Is it possible to declare some function type func_t which returns that type, func_t?

In other words, is it possible for a function to return itself?

// func_t is declared as some sort of function pointer
func_t foo(void *arg)
{
  return &foo;
}

Or would I have to use void * and typecasting?

No, you cannot declare recursive function types in C. Except inside a structure (or an union), it's not possible to declare a recursive type in C.

Now for the void * solution, void * is only guaranteed to hold pointers to objects and not pointers to functions. Being able to convert function pointers and void * is available only as an extension.

A possible solution with structs:

struct func_wrap
{
    struct func_wrap (*func)(void);
};

struct func_wrap func_test(void)
{
    struct func_wrap self;

    self.func = func_test;
    return self;
}

Compiling with gcc -Wall gave no warnings, but I'm not sure if this is 100% portable.

You can't cast function pointers to void* (they can be different sizes), but that's not a problem since we can cast to another function pointer type and cast it back to get the original value.

typedef void (*fun2)();
typedef fun2 (*fun1)();

fun2 rec_fun()
{
    puts("Called a function");
    return (fun2)rec_fun;
}

// later in code...
fun1 fp = (fun1)((fun1)rec_fun())();
fp();

Output:

Called a function
Called a function
Called a function

In other words, is it possible for a function to return itself?

It depends on what you mean by "itself"; if you mean a pointer to itself then the answer is yes!
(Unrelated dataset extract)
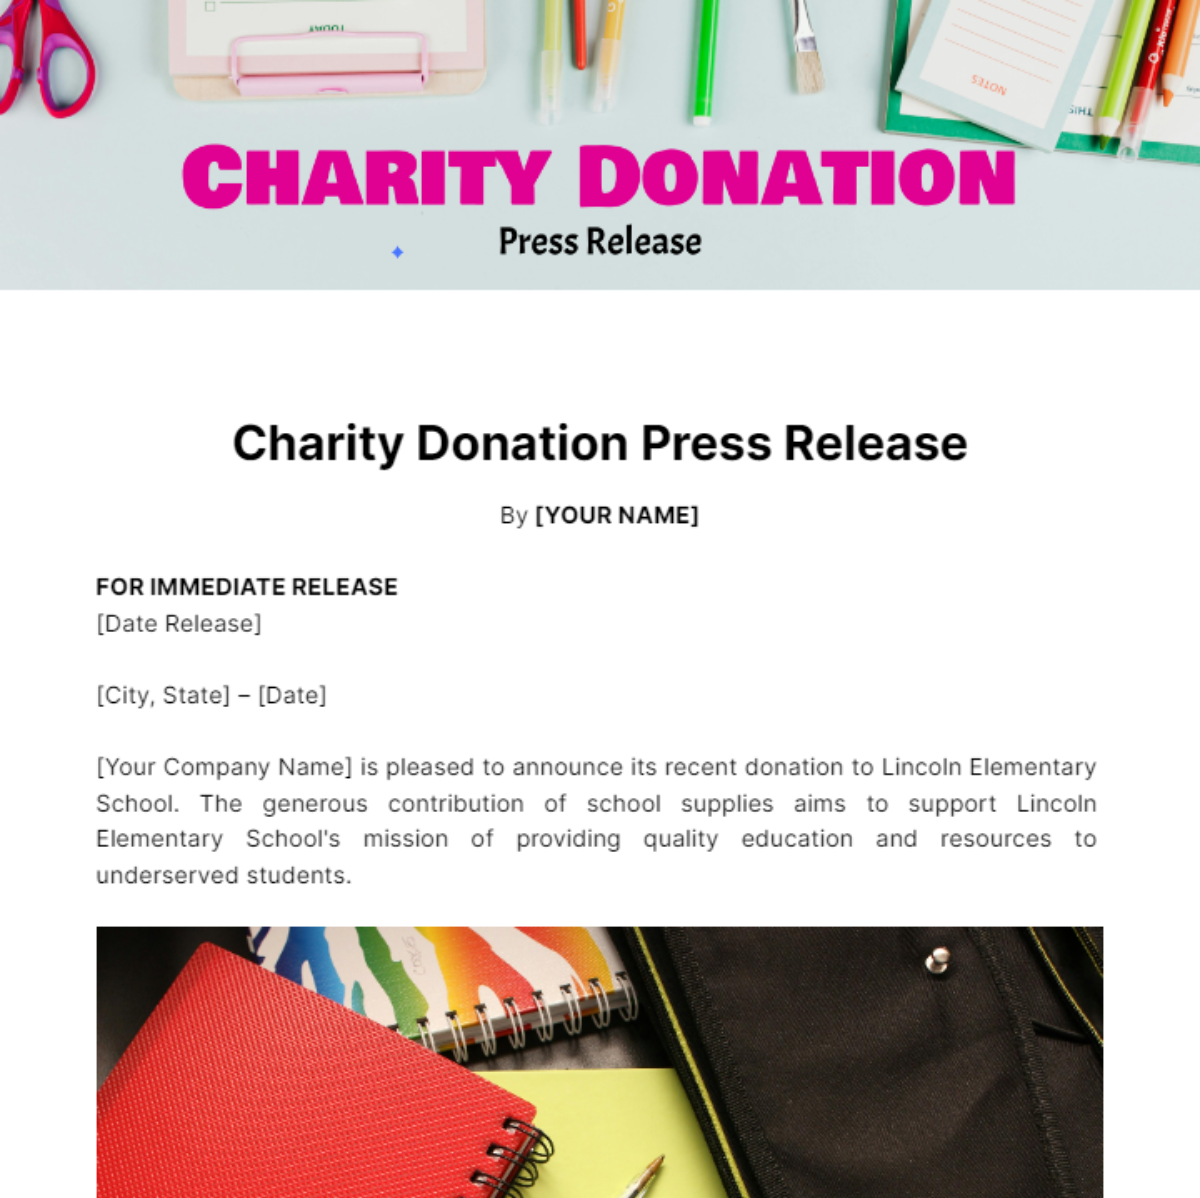 Charity Donation Press Release Template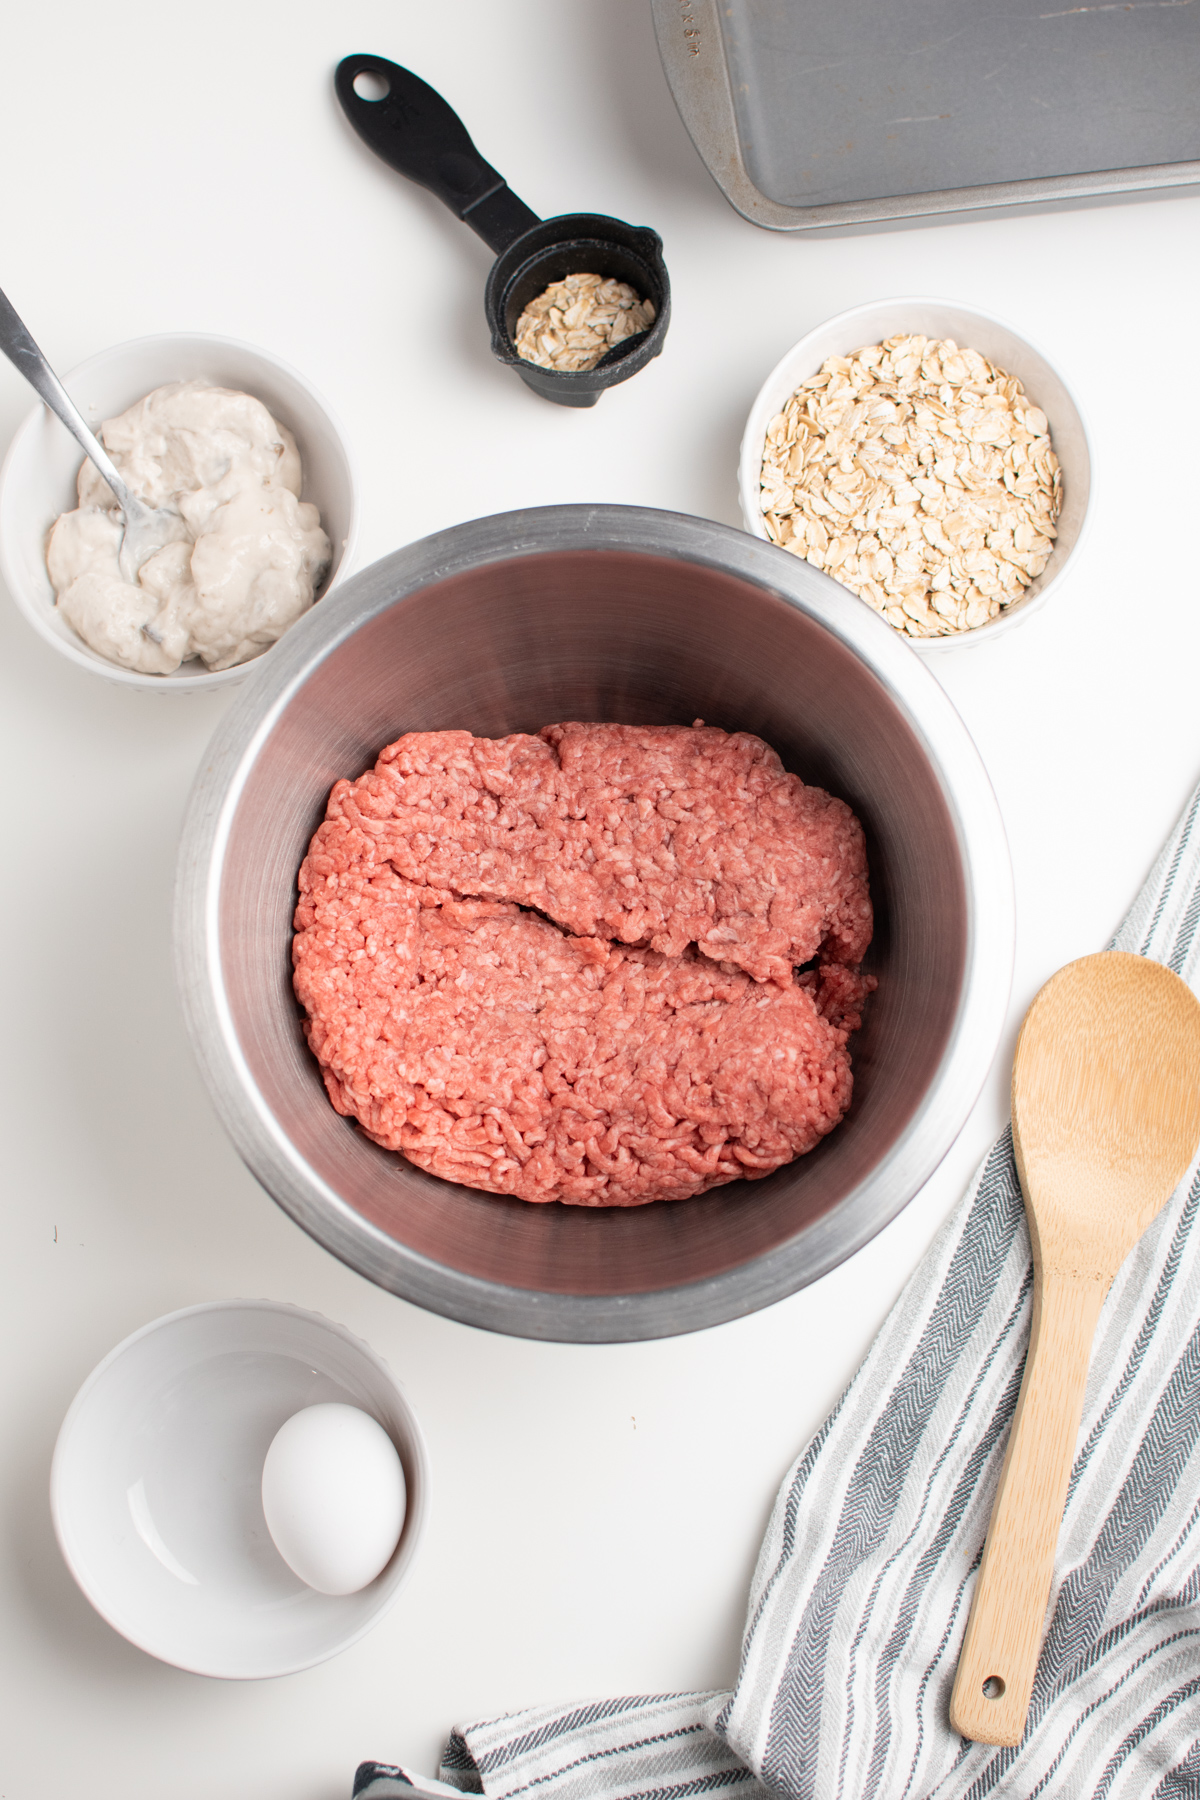 Meatloaf ingredients including ground beef, oats and an egg on white table.

While it is not possible for a function to return its type a function can return a pointer to itself and this pointer can then be converted to the appropriate type before calling.

The details are explained in the question comp.lang.c faq: Function that can return a pointer to a function of the same type.

Check my answer for details.

what about something like this:

typedef void* (*takesDoubleReturnsVoidPtr)(double);

void* functionB(double d)
{
    printf("here is a function %f",d);
    return NULL;
}

takesDoubleReturnsVoidPtr functionA()
{
    return functionB;
}

int main(int argc, const char * argv[])
{
    takesDoubleReturnsVoidPtr func = functionA();
    func(56.7);
    return 0;
}

Assume the function definition

T f(void)
{
  return &f;
}

f() returns a value of type T, but the type of the expression &f is "pointer to function returning T". It doesn't matter what T is, the expression &f will always be of a different, incompatible type T (*)(void). Even if T is a pointer-to-function type such as Q (*)(void), the expression &f will wind up being "pointer-to-function-returning-pointer-to-function", or Q (*(*)(void))(void).

If T is an integral type that's large enough to hold a function pointer value and conversion from T (*)(void) to T and back to T (*)(void) is meaningful on your platform, you might be able to get away with something like

T f(void)
{ 
  return (T) &f;
}

but I can think of at least a couple of situations where that won't work at all. And honestly, its utility would be extremely limited compared to using something like a lookup table.

C just wasn't designed to treat functions like any other data item, and pointers to functions aren't interchangeable with pointers to object types.

There's a way, you just try this:

typedef void *(*FuncPtr)();

void *f() { return f; }

int main() {
    FuncPtr f1 = f();
    FuncPtr f2 = f1();
    FuncPtr f3 = f2();
    return 0;
}

If you were using C++, you could create a State object type (presuming the state machine example usage) wherein you declare an operator() that returns a State object type by reference or pointer. You can then define each state as a derived class of State that returns each appropriate other derived types from its implementation of operator().